TurnTrout comments on Credence polls for 26 claims from the 2019 Review

TurnTrout 9 Jan 2021 21:30 UTC
4 points
0
Speaking of claims made in 2019 review posts: Conclusion to ‘Reframing Impact’ (the final post of my nominated Reframing Impact sequence) contains the following claims and credences:
- AU theory describes how people feel impacted. I’m darn confident (95%) that this is true.
- Agents trained by powerful RL algorithms on arbitrary reward signals generally try to take over the world. Confident (75%). The theorems on power-seeking only apply to optimal policies in fully observable environments, which isn’t realistic for real-world agents. However, I think they’re still informative. There are also strong intuitive arguments for power-seeking.
- The catastrophic convergence conjecture is true. Fairly confident (70%). There seems to be a dichotomy between “catastrophe directly incentivized by goal” and “catastrophe indirectly incentivized by goal through power-seeking”, although Vika provides intuitions in the other direction.
- AUP $_{conceptual}$ prevents catastrophe, assuming the catastrophic convergence conjecture.

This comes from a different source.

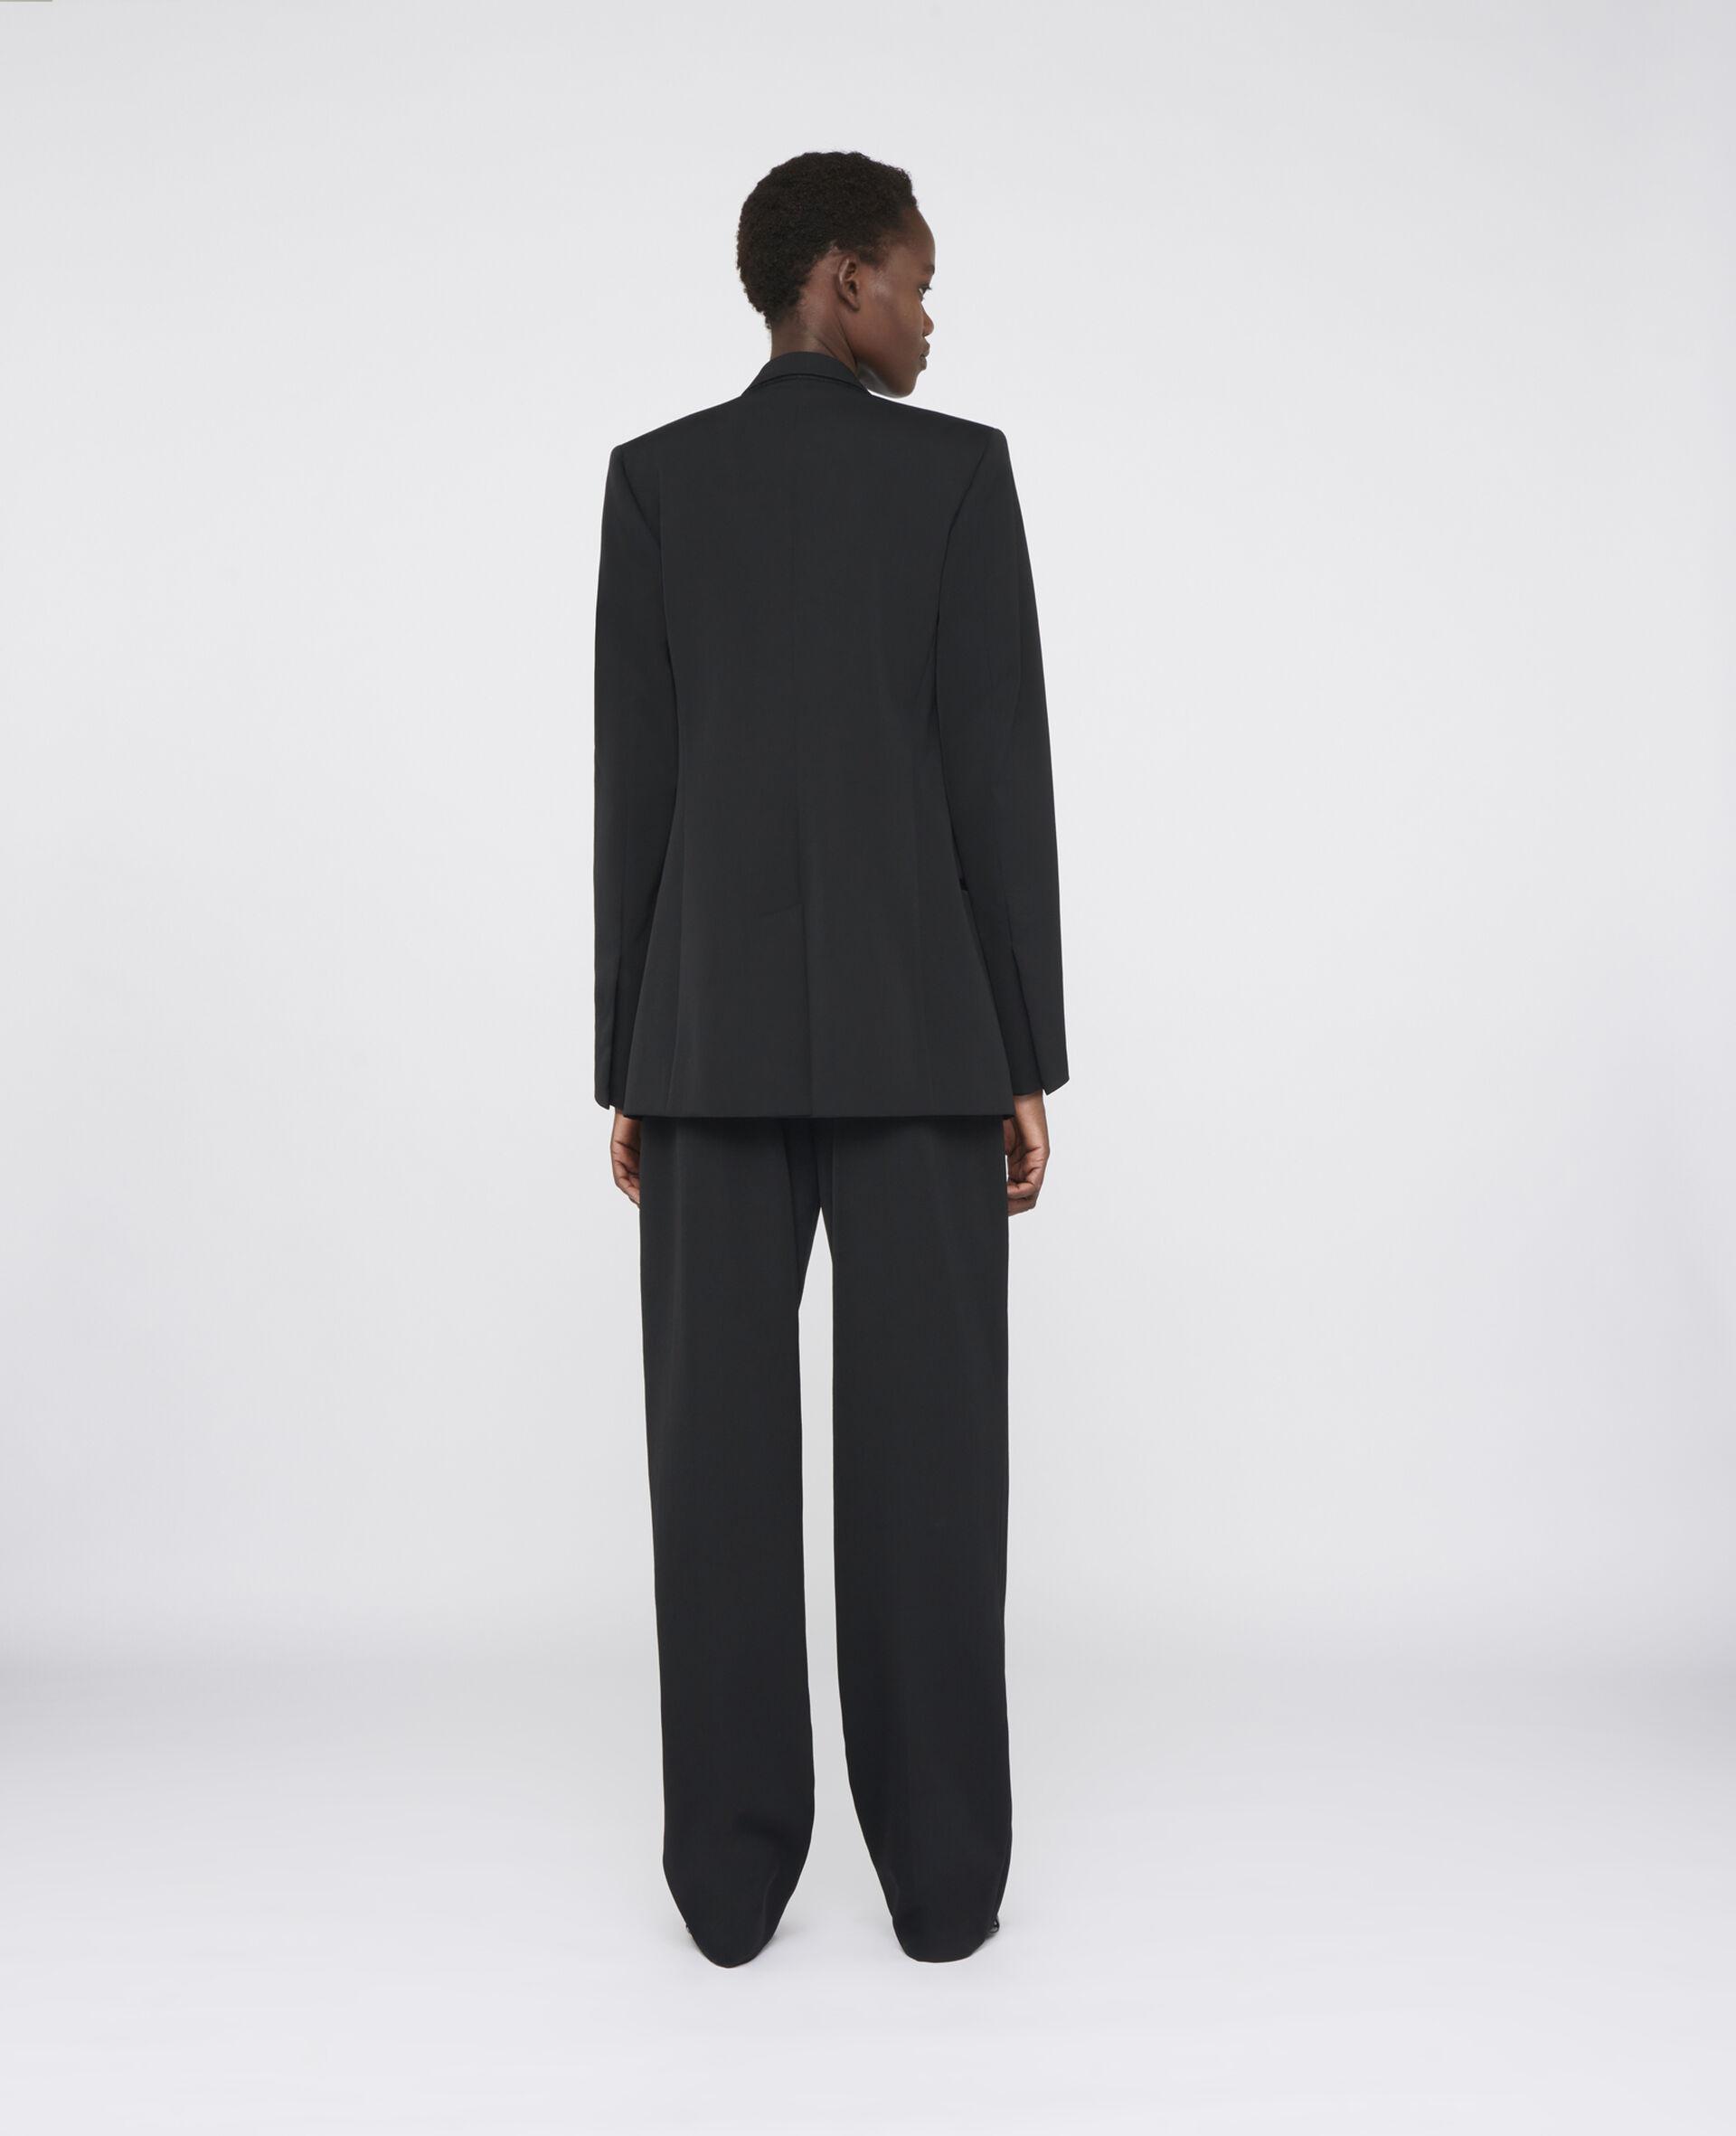 Couture-Jackett Delilah-Schwarz-large image number 2

Very confident (85%).
- Some version of AUP solves side effect problems for an extremely wide class of real-world tasks and for subhuman agents. Leaning towards yes (65%).

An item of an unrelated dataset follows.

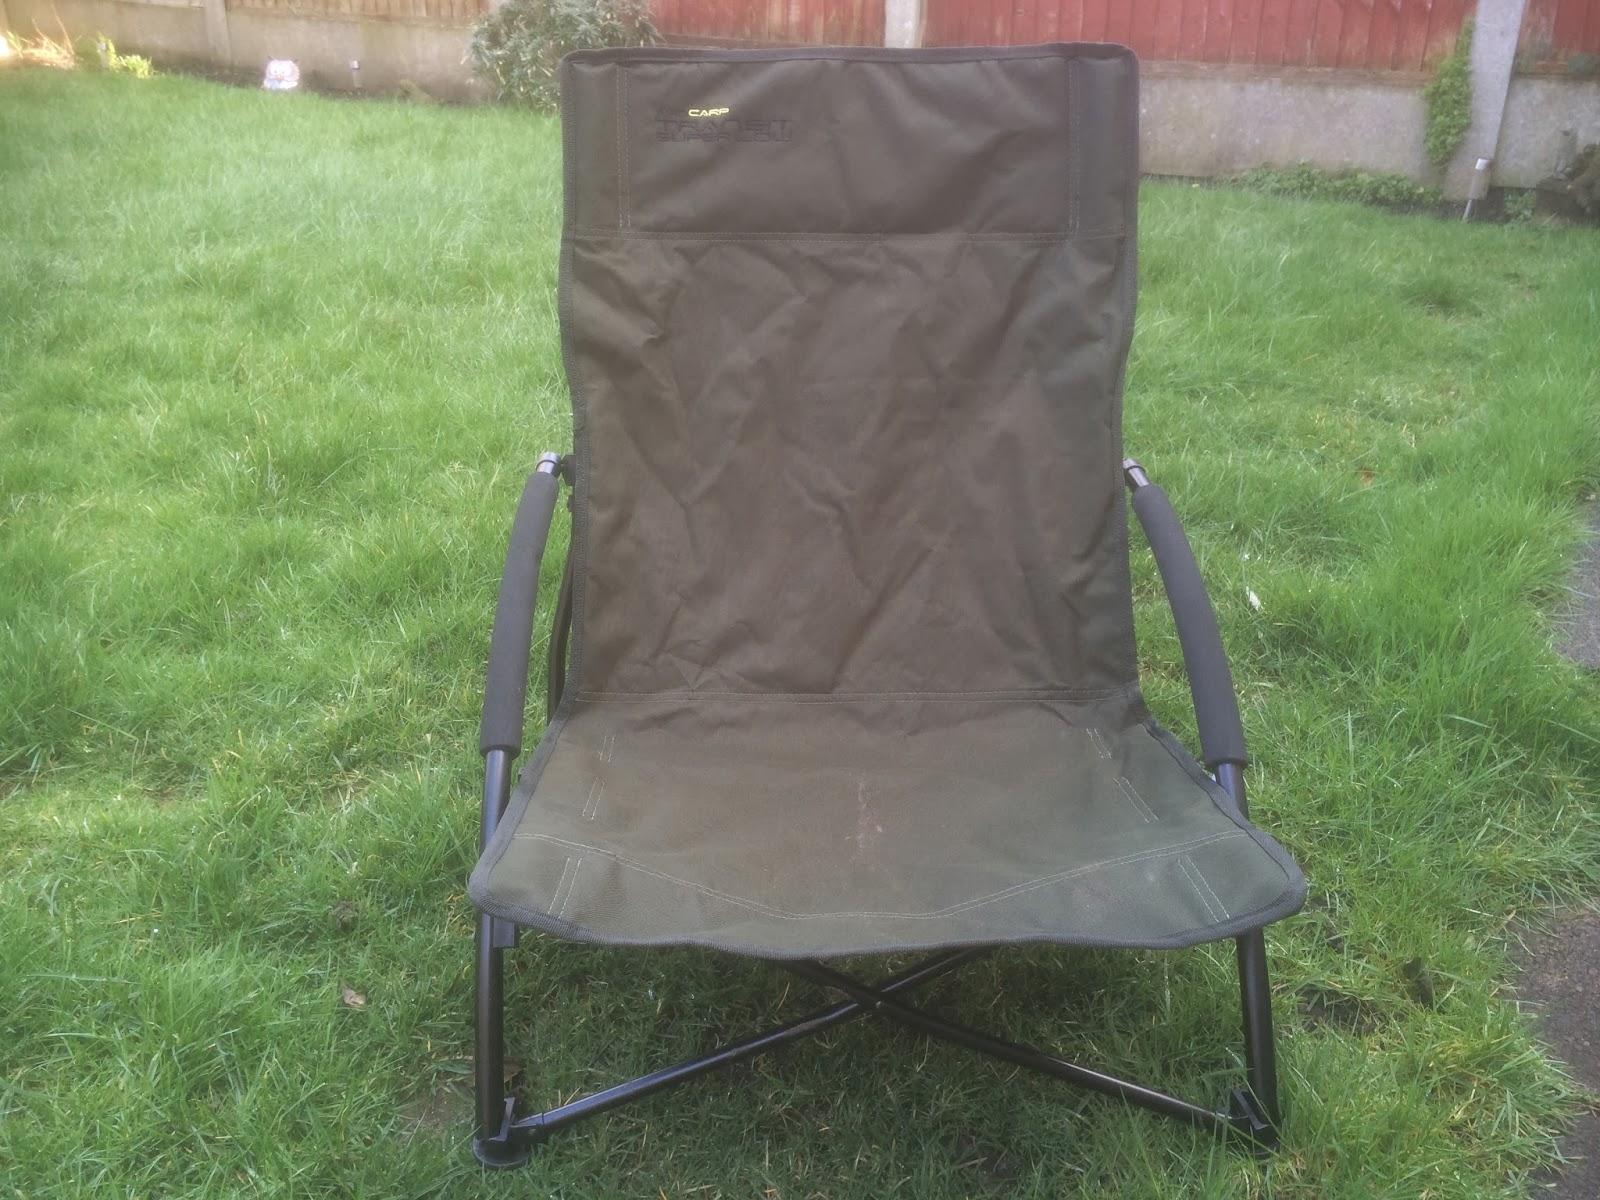 fishing chair no arms teak table chairs pete777 avid carp transit super low 3 14

- For the superhuman case, penalizing the agent for increasing its own AU is better than penalizing the agent for increasing other AUs. Leaning towards yes (65%).
- There exists a simple closed-form solution to catastrophe avoidance (in the outer alignment sense). Pessimistic (35%).
- Bird Concept 9 Jan 2021 23:44 UTC
  2 points
  0
  Parent
  Ey, awesome! I’ve updated the post to include them.